It definitely seems like a problem we should try to solve though. So in light of that just to open the discussion (while contradicting myself a bit), what about the possibility of using the total size of the indices an alias points to or an index pattern? If you are rolling over indices then you could possibly designate group_a, group_b, group_c, group_d, etc. all with their own reserved space.

e.g. group_a indices can have up to 400GB of primary store size, group_b indices can have up to 200GB of primary store size, etc. and once they go over that limit we can have the oldest index in that group delete itself.

This would offload the issue of each job having to figure out between other jobs who is oldest and with similar conditions. Although if you ever ended up with an alias group where the oldest was not being managed then all of these would get blocked (perhaps until another condition evaluated to true). Theoretically you could apply an alias to every index being managed and use this on that whole group (which could be every index in the cluster if you manage everything).

Perhaps there is an easier way to solve this problem though, will try to think through it some more.

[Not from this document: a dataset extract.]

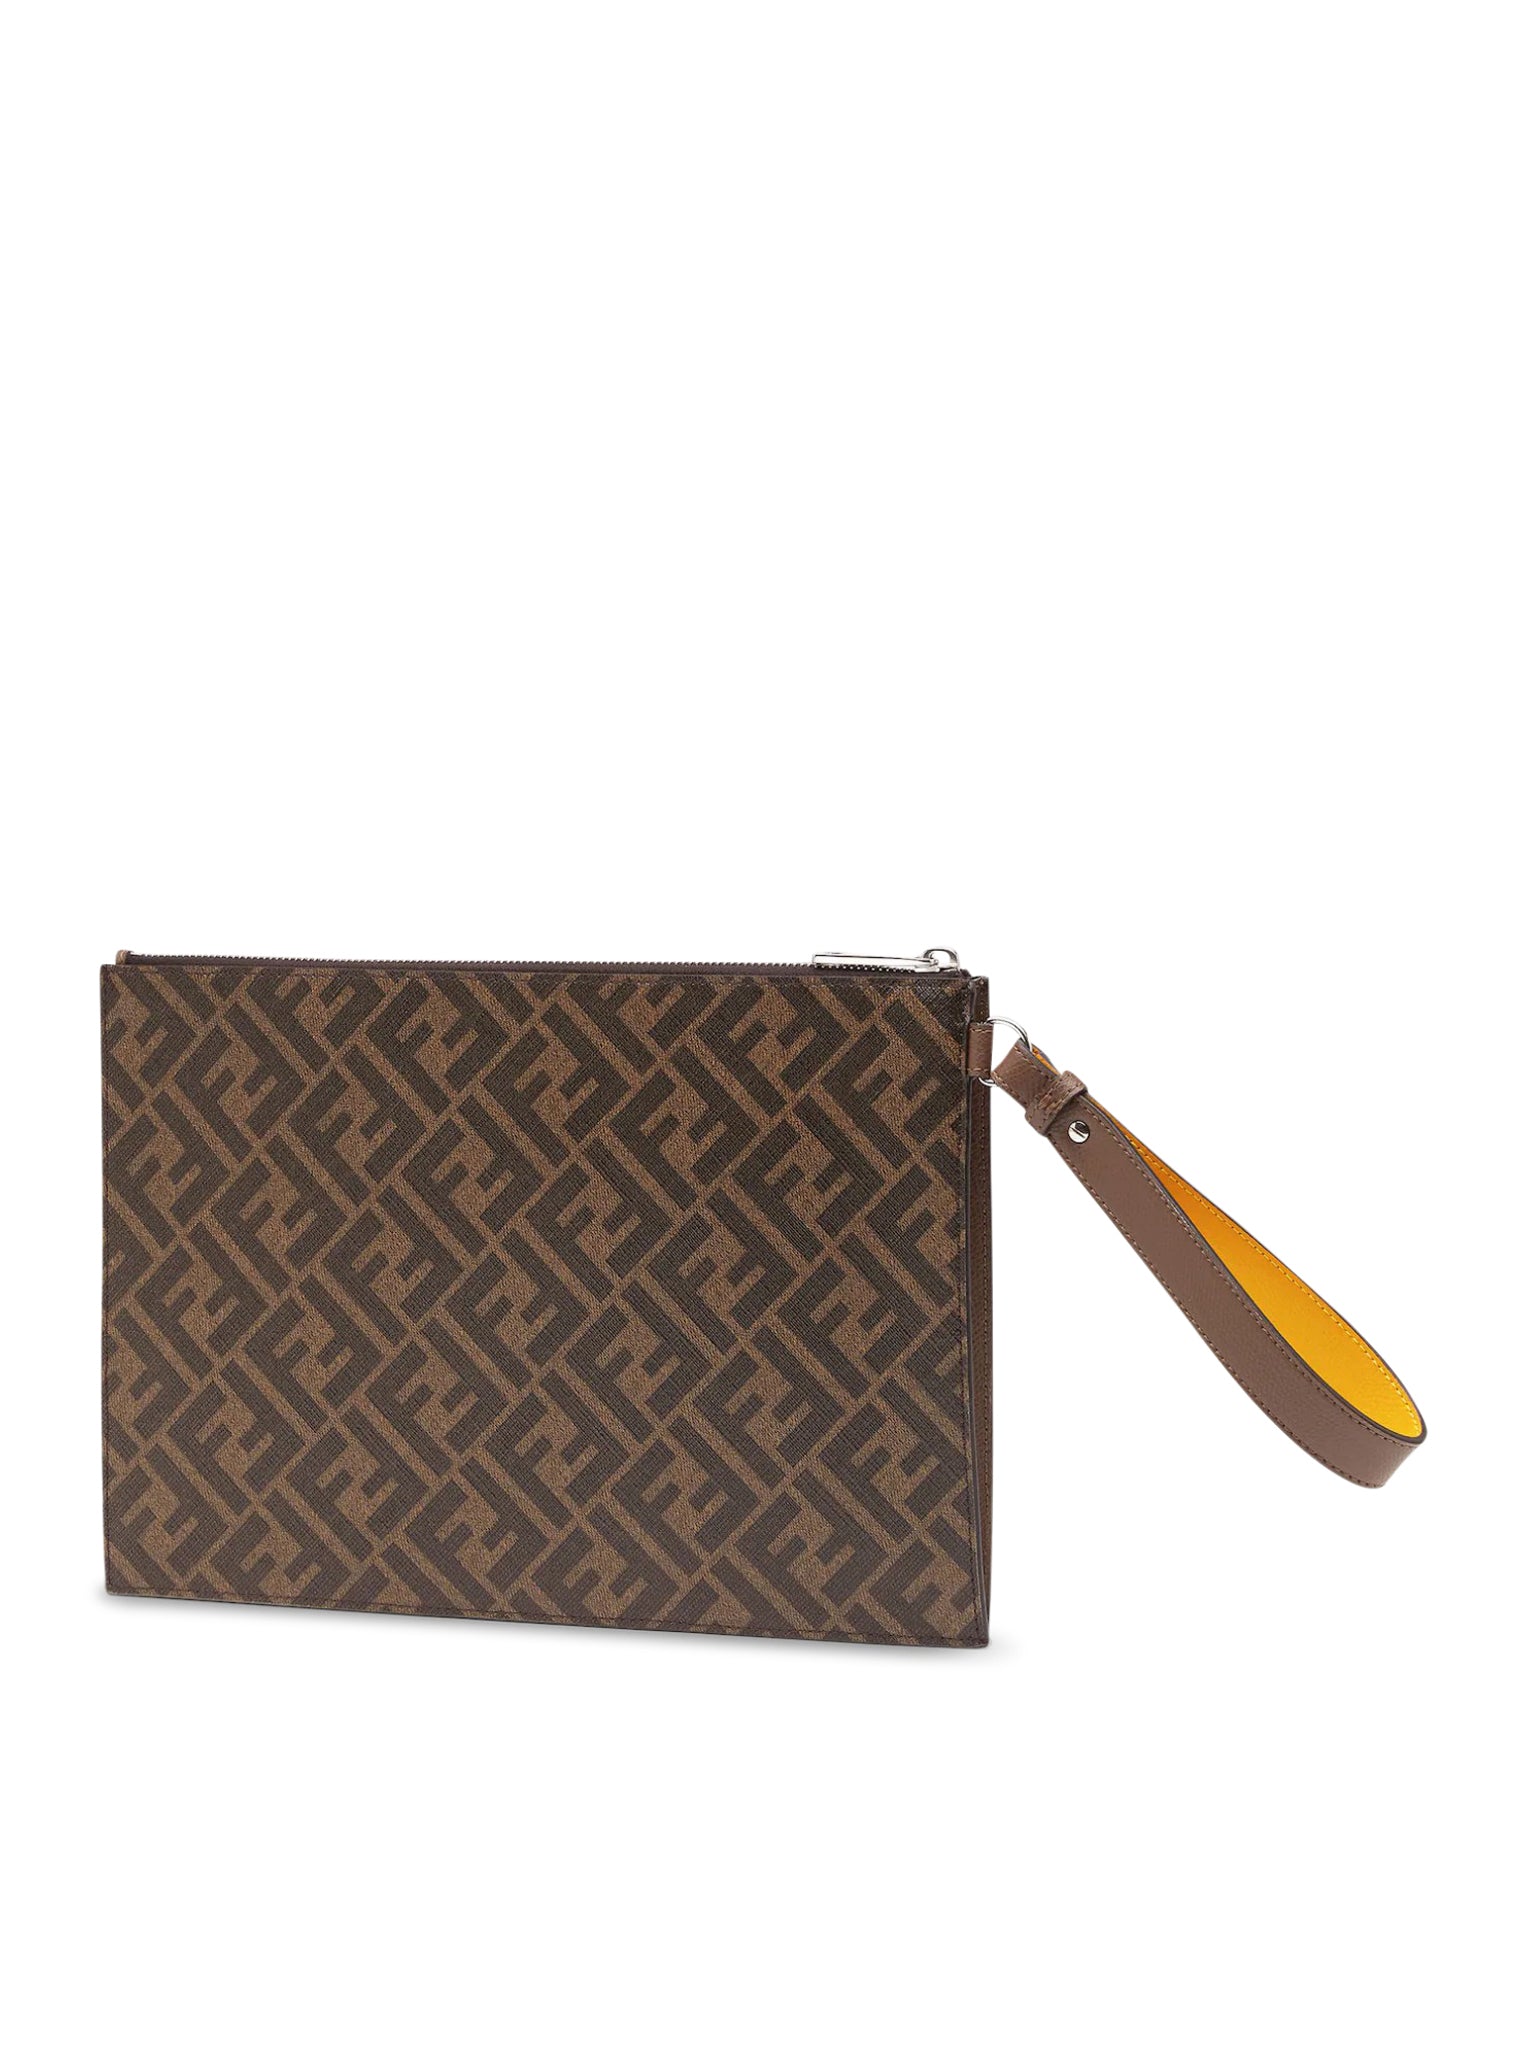 Large Flat Pouch - Brown fabric pouch

adityaj1107 commented 3 years ago

Comment by drock Tuesday Aug 11, 2020 at 20:06 GMT

@dbbaughe I like your suggestion. I think its actually better than mine of looking at total available space of the cluster because its more flexible. It would allow me to have multiple groups of indices, each with a maximum allocation of a certain percentage of space like logs can take 60% of the space and metrics can take 30%, etc. Given I know the total size of my cluster before hand, I can easily calculate how much 60% is and put that in the policy.

👍

adityaj1107 commented 3 years ago

Comment by gittygoo Monday Nov 23, 2020 at 14:29 GMT

This is something we would be looking for aswell.

Our scenario is pretty similar: we have a cluster which we allocate some space (say 500GB) and if it hits a certain percentage overall (say 80% usage) we would like to start deleting older indexes until the percentage falls below 80% again...

adityaj1107 commented 3 years ago

Comment by tybalex Wednesday Jun 02, 2021 at 19:32 GMT

my current workaround is take snapshot of cold indices and then delete it soon. However it would be better to have this feature implemented.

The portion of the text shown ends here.